What the exercise asks:
Apart from the pictures, return every line of the listing exactly.

Data extract:
..........
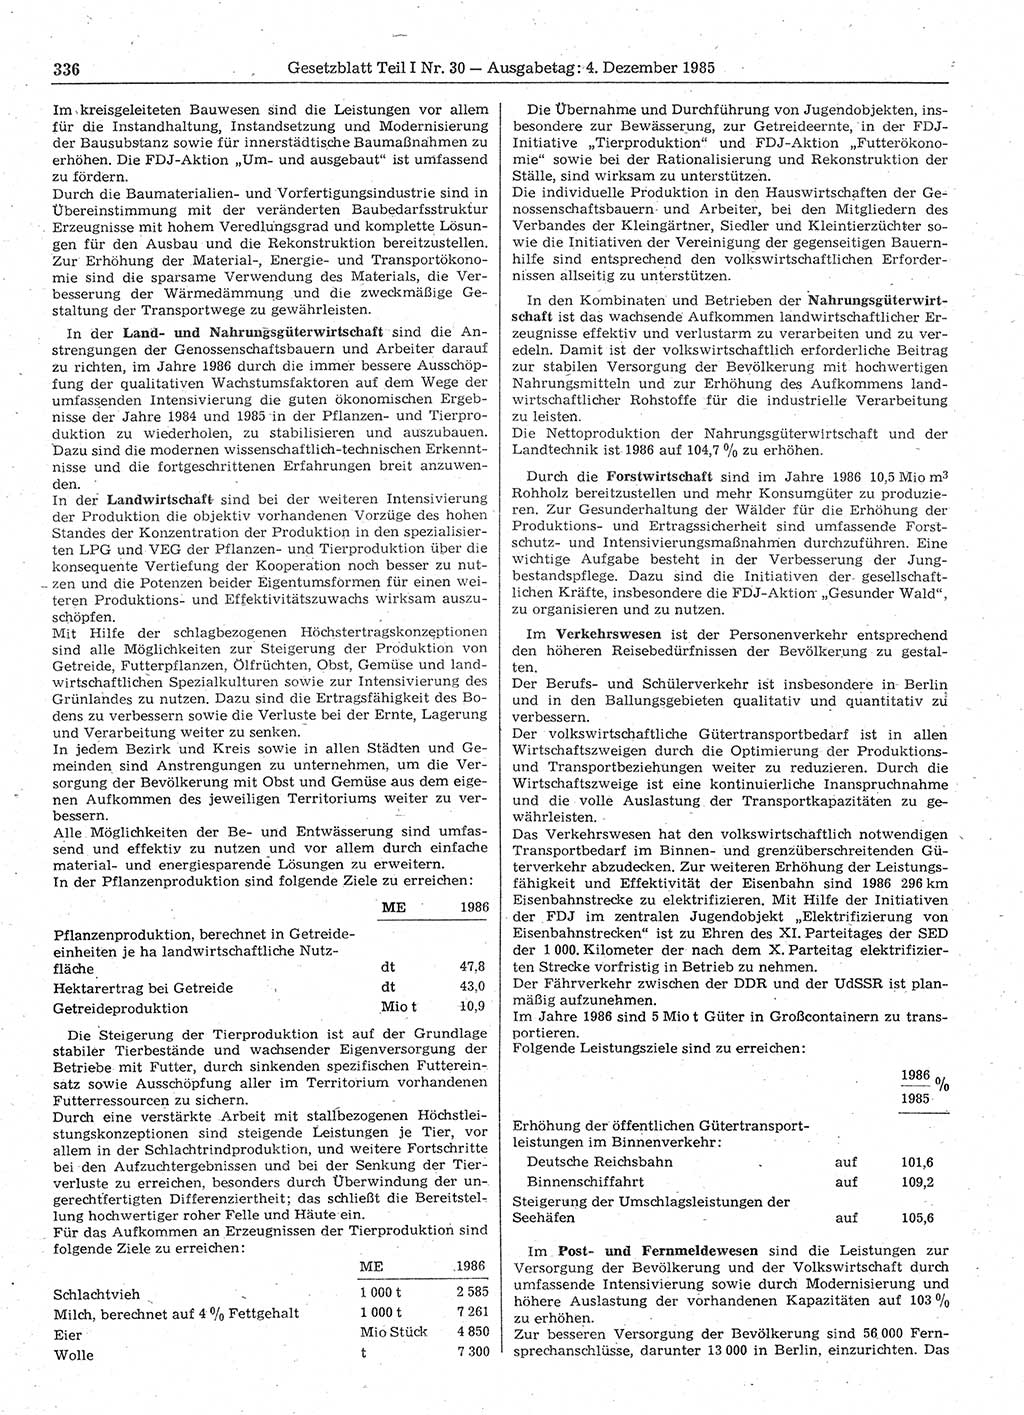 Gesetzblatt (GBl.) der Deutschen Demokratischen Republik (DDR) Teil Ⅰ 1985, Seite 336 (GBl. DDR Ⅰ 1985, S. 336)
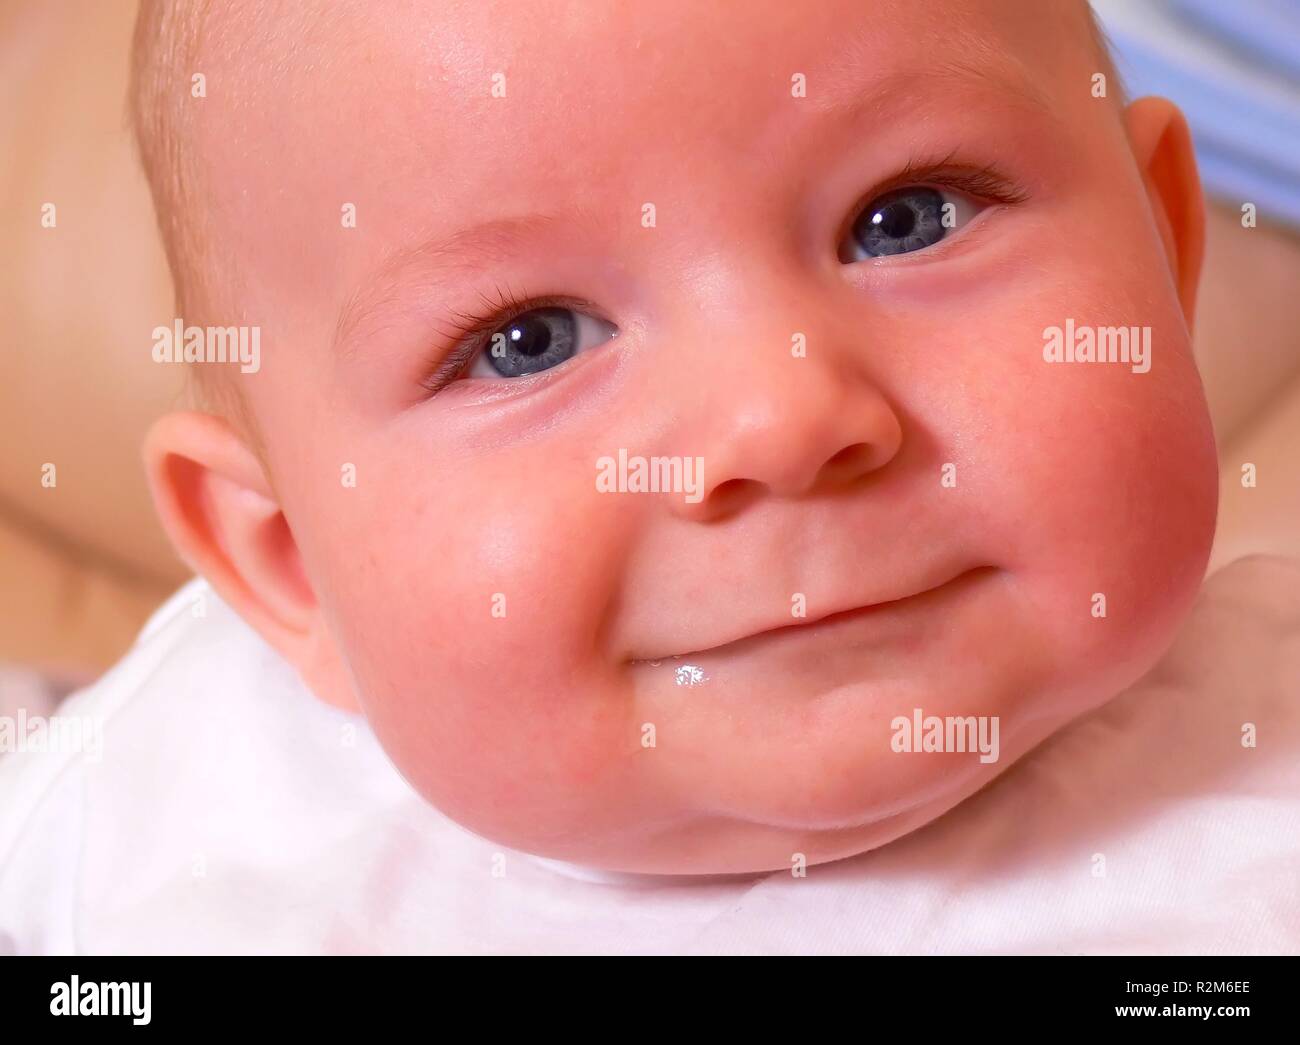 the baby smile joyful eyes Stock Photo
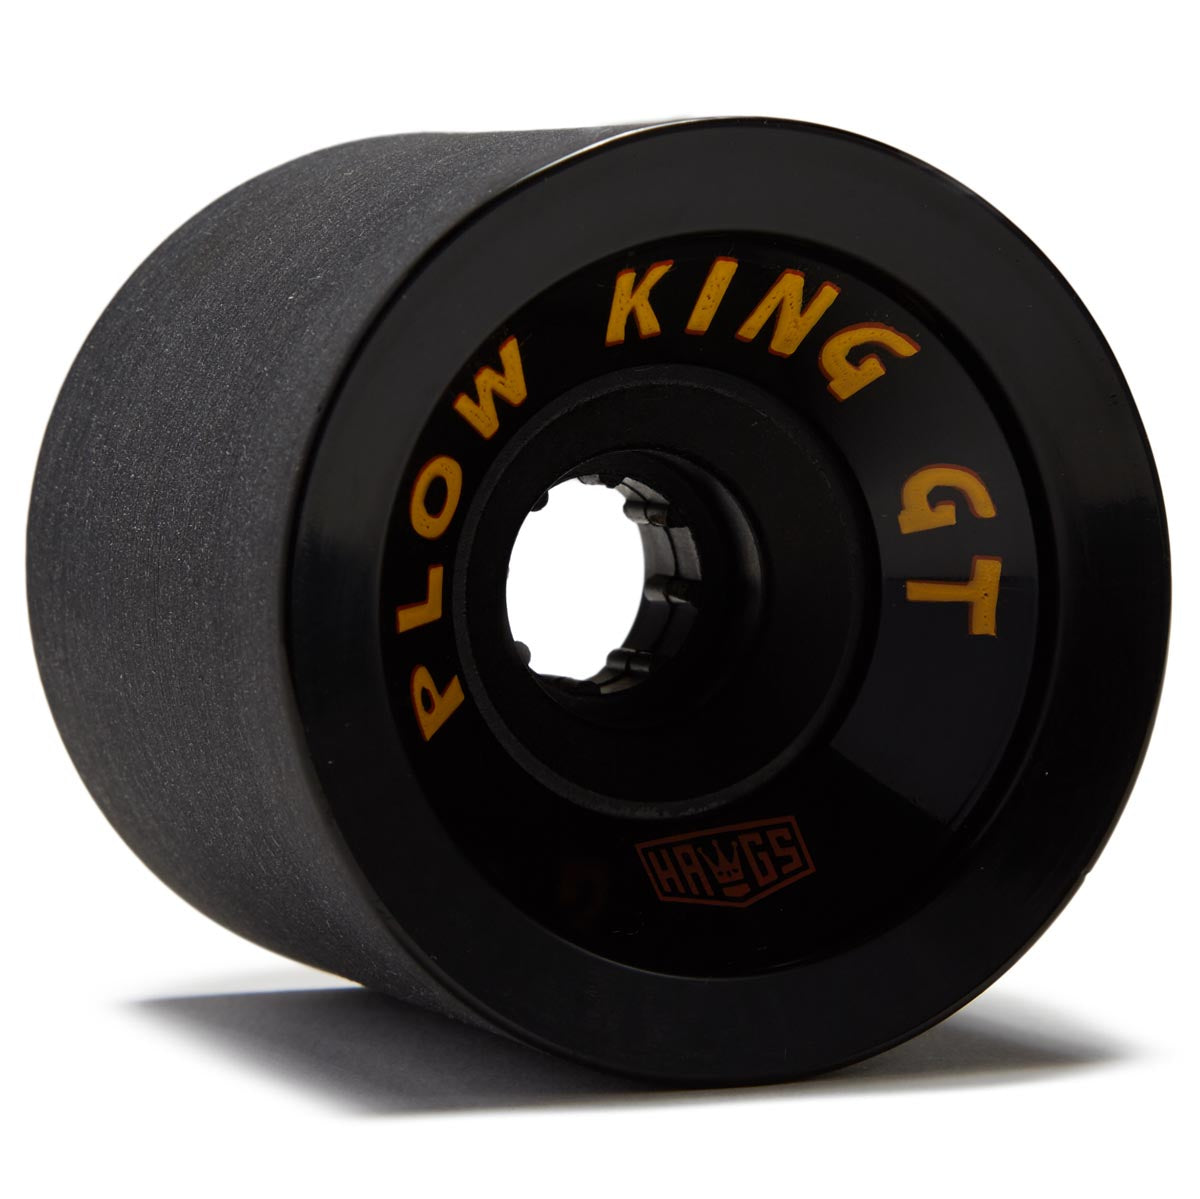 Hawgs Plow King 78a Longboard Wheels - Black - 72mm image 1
..........
Solution for this problem:
 Gesetzblatt (GBl.) der Deutschen Demokratischen Republik (DDR) Teil Ⅰ 1985, Seite 336 (GBl. DDR Ⅰ 1985, S. 336)
 the baby smile joyful eyes Stock Photo
 Hawgs Plow King 78a Longboard Wheels - Black - 72mm image 1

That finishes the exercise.